1Department of Chemistry, Acharya Nagarjuna University, Nagarjunanagar, Guntur 522210, Andhra Pradesh, India
2Hetero Drugs Limited, Balanagar, Hyderabad 500018, Andhra Pradesh, India

Received 12 June 2012; Accepted 18 October 2012

Academic Editor: Ahmet Kilic

Copyright © 2013 B. V. Rami Reddy et al. This is an open access article distributed under the Creative Commons Attribution License, which permits unrestricted use, distribution, and reproduction in any medium, provided the original work is properly cited.

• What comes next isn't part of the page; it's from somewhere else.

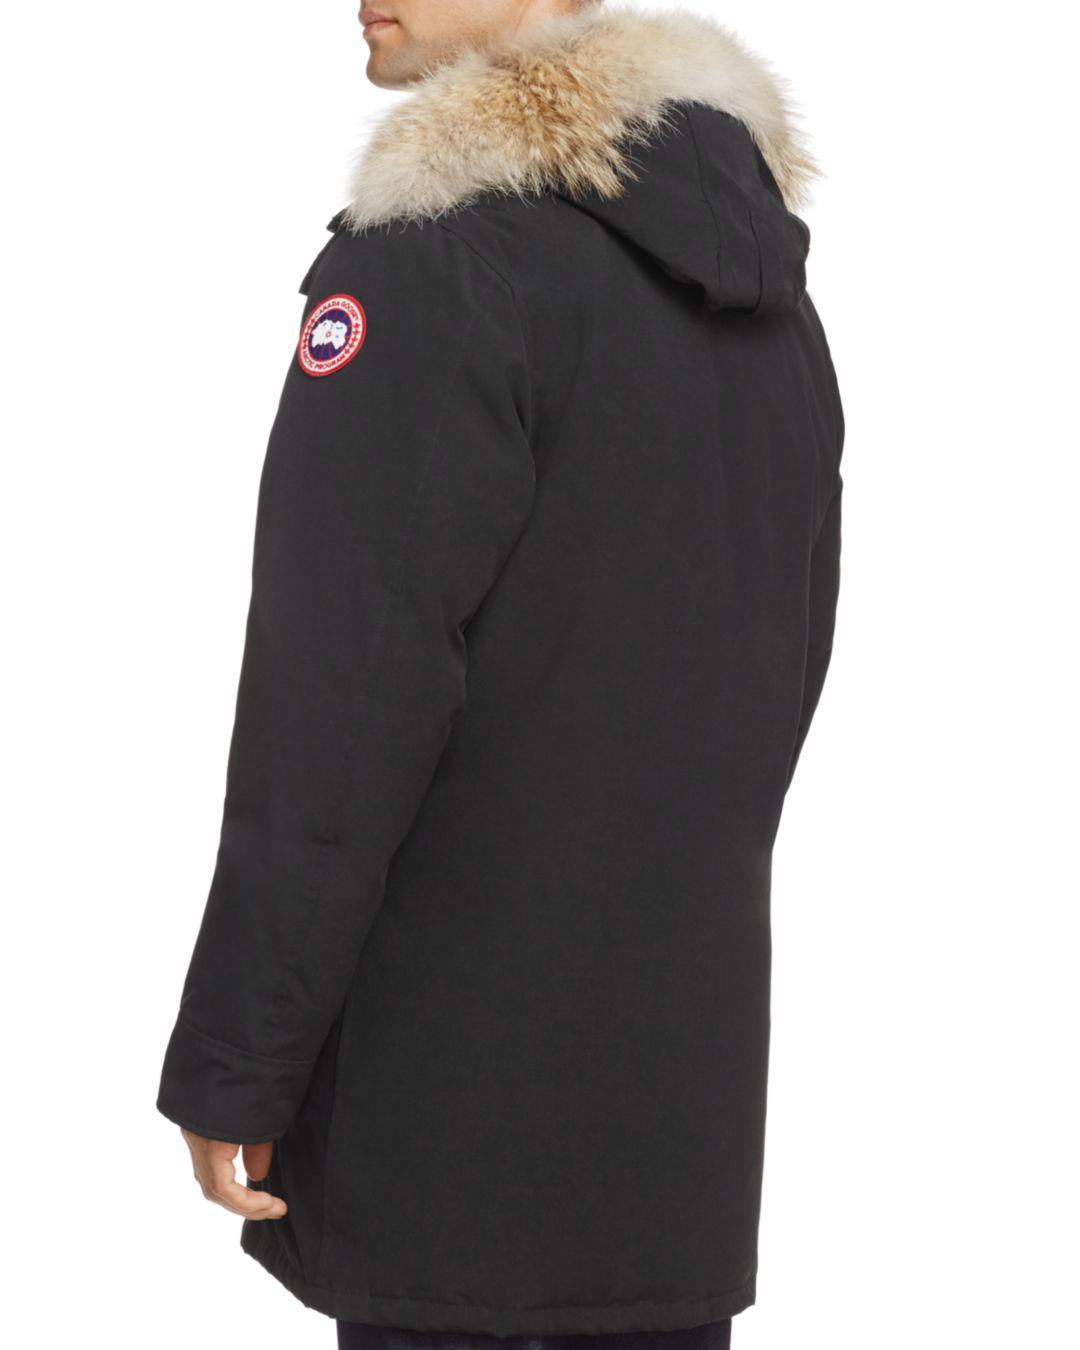 4d7f7c8661bb promo code for lyst canada goose langford fur lined parka in black for men  ce7f0 001d7

Gradient, reverse phase liquid chromatographic methods were developed separately for the related compounds and solifenacin succinate, an active pharmaceutical ingredient used for the treatment of overactive bladder. Gradient LC method was employed for related compounds. The mobile phase-A contains a 0.01 M phosphate buffer pH: with orthophosphoric acid (88%) and mobile phase-B contains a mixture of acetonitrile and water in the ratio of 90 : 10(v/v). The flow rate was 1.0 mL/minute, column temperature was kept at 35°C, and detection was monitored at 220 nm. In the developed HPLC method the resolution between solifenacin succinate and its closely eluting impurity, that is, solifenacin N-oxide was found to be greater than 3.0. The drug was subjected to stress conditions such as hydrolysis, oxidation, photolysis, and thermal degradation. Considerable degradation was found to occur in only oxidative stress condition. Degradation product formed during oxidative stress condition was found to be impurity-C and it can be identified by LC-MS. The stress samples were assayed against a qualified reference standard and the mass balance was found close to 99.5%. The developed RP-LC method was validated as per ICH guidelines. We also developed LC-MS/MS method for determination and identification of these impurities in solifenacin succinate.